# Can a mare get pregnant at 1 1/2 years of age?



## iridehorses (Oct 22, 2007)

Cammiio2, welcome to the forum.

Although it is not common - or healthy - for a mare that young to get pregnant, I think it is possible. Just like any other animal, horses mature sexually at different rates and ages. If she were my mare, I would consult a vet and if she was found to be pregnant I would definitely have it terminated.

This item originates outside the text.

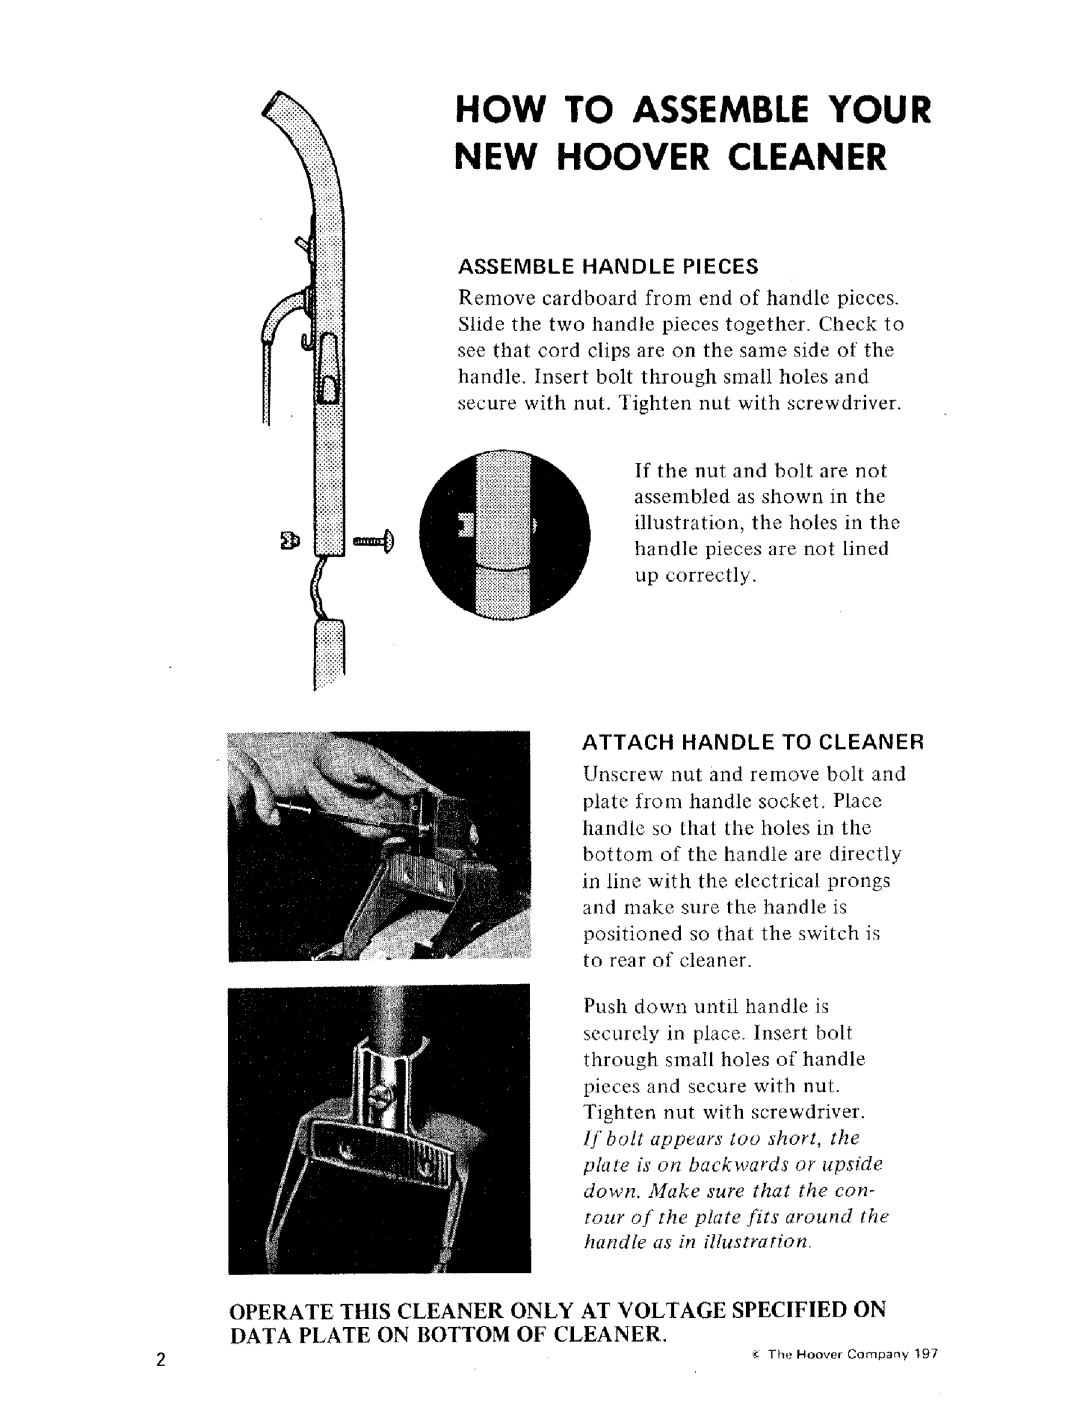 Hoover U4001 owner manual How To Assemble Your New Hoover Cleaner, Assemble Handle Pieces, Attach Handle To Cleaner

She is still a baby herself. She has a lot of growing and maturing to do and a "motherly" sense would most likely not yet be developed. I would think that it could be detrimental to both mother and foal if a pregnancy was allowed to complete - even if she didn't abort on her own.


----------



## Kim (Jan 23, 2009)

I think a filly that young their bodies and bones are not fully developed yet and it may cause complications to both mare and foal if she were pregnant. 

On the other hand... in the wild fillies would fall pregnant once they started coming into season... but im not sure exactly when that is.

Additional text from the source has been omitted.